# canker or some other sickness



## trinity (May 18, 2007)

hai everybody,

i am having a chick of 1 month age which i am hand feeding.
i have noticed from past two days that there is some yellow sticky paste like matter in its mouth i doubt it to be canker as there is no lesion or any kind of lump or any sign of weakness in the chick.since i live in india i can only get enroflaxin. my question is can i use enroflaxin or can i use some other medicine.

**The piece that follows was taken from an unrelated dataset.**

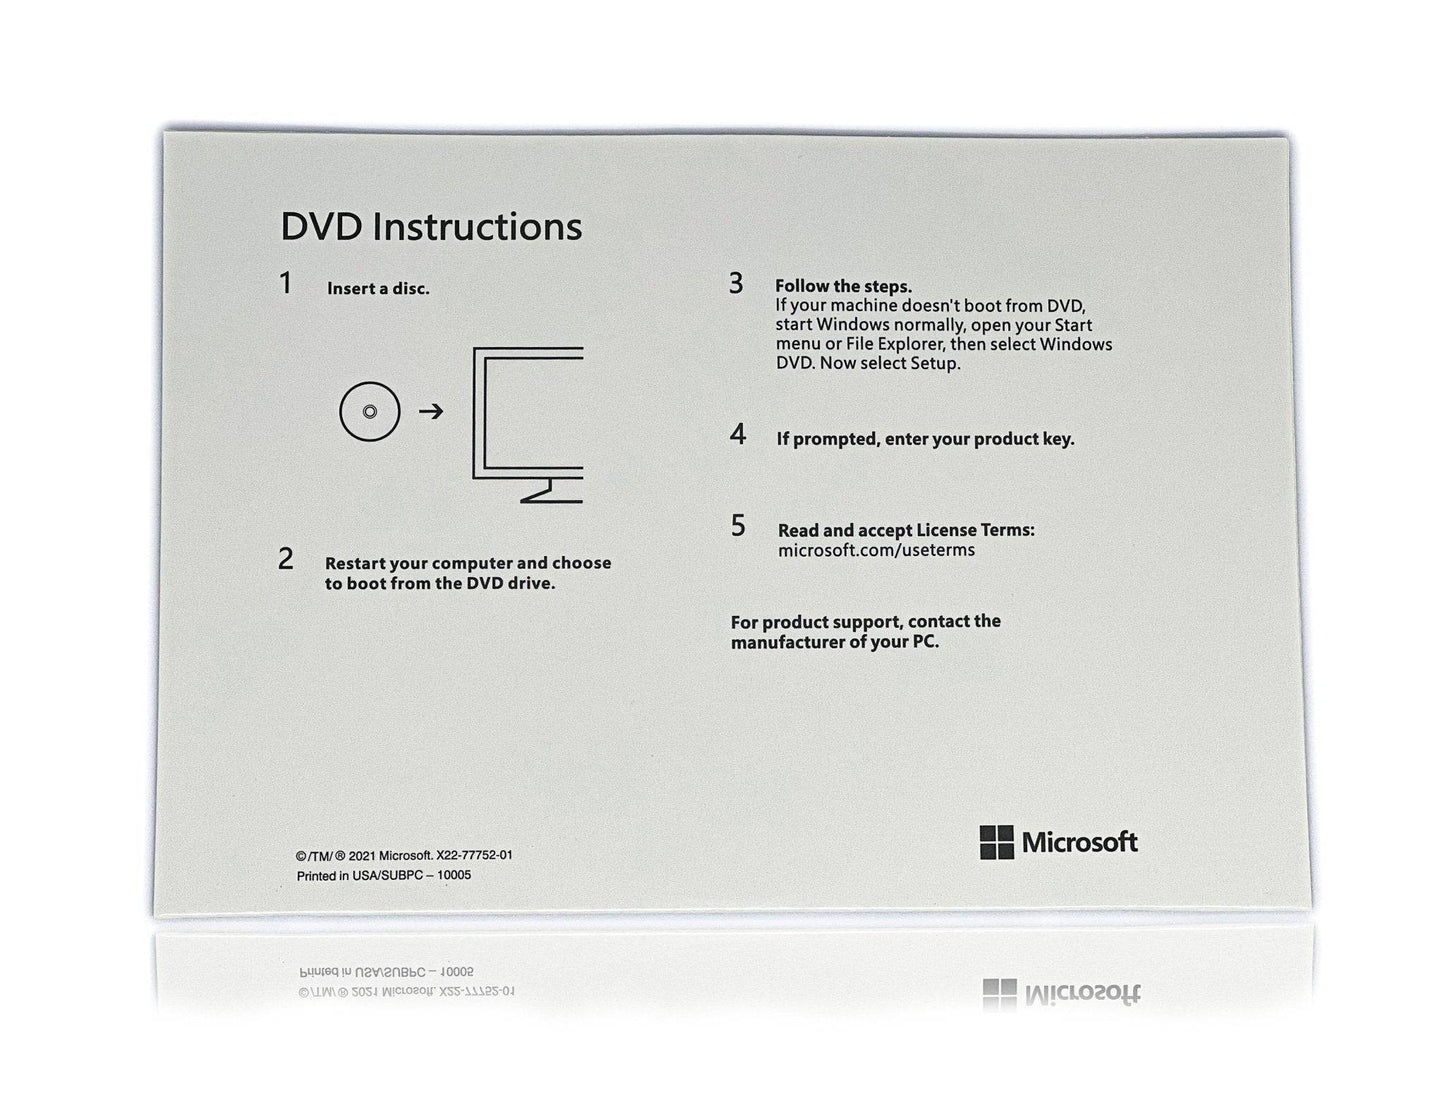 Windows 11 Home 64-bit OEM DVD with License Key for 1 PC | Full Version | Sealed Package (MPN: KW9-00632) Australian Stock - INFINITE-ITECH

i am not very sure whether this is canker please help with suitable medication


----------



## Reti (Jul 20, 2003)

Yellow and sticky = most likely canker.
Why do you think it is not canker?
You can start the enrofloxacin but you will have to find some Flagyl (metronidazole).


----------



## John_D (Jan 24, 2002)

Is it loose and semi liquid, like phlegm or mucous? If so, then I'd suspect some kind of respiratory problem. Any nasal discharge? Otherwise ...

Canker would be found kind of attached to the mouth lining, towards the back of the mouth. As Reti says, you'd need Flagyl in one of its forms.

Pox inside the beak/mouth is more of an outgrowth frlom the lining and likely to be towards front of mouth.

John


----------



## plamenh (Aug 11, 2006)

Use diluted in water iodine and swab mouth and throat area twice a day to see if it clears. It is possible to be candida. Apple cider vinegar also helps.


----------



## goga82 (Aug 17, 2009)

fungal-bacterial inf.
treat the bird asap.
before her mouth gets clogged with it


----------



## Charis (Feb 11, 2007)

You can get this... metronidazole in India. Enquire at the pharmacy. We can help you with the dosage once you get the pill.


----------



## goga82 (Aug 17, 2009)

fluconazole if its 100 mg
1 tablet is crushed in 5 cc of water 
give 0.16 orally twice a day for 28 days. 
thats if u get 2 pills of 100 mg its 28 days, if u get one crush it put it in 5 cc, and give 0.16 twice a day for 14 days
but take the bird to the vet, they should have some baytril ask them to give her IV it works faster.
keep us posted and i hope fungus dissapeares


----------



## trinity (May 18, 2007)

hai guys thanks for all the suggestions i can get enroflaxin here in india
but no idea of metronidazole can i use fishzole instead.
its very difficult to even find vet medicals here.
i doubt whether it is canker as there is yellow mucus like discharge inthe nose and also white / yellow material in the back in the line on back of the mouth.
seek your opinions.
i will post a photo tomorrow.


----------



## trinity (May 18, 2007)

but the chick is still being hand feed and its not having any signs of sickness but i am afraid i may loose it if it is canker and comes to light on a later stage


----------



## trinity (May 18, 2007)

hai goga, 
What is IV here our vets dont give any medicine for pigeons its all left for us fanciers to things for the sake of the fancy


----------



## Charis (Feb 11, 2007)

trinity said:


> hai guys thanks for all the suggestions i can get enroflaxin here in india
> but no idea of metronidazole can i use fishzole instead.
> its very difficult to even find vet medicals here.
> i doubt whether it is canker as there is yellow mucus like discharge inthe nose and also white / yellow material in the back in the line on back of the mouth.
> ...


Fishzole is metronidazole.


----------



## Charis (Feb 11, 2007)

*Recognising Canker*

*It's critical that everyone that keeps Pigeons, understands canker. The yellow nodules in the throat and mouth are just one form*.
The following is an excerpt form and article by Colin Walker.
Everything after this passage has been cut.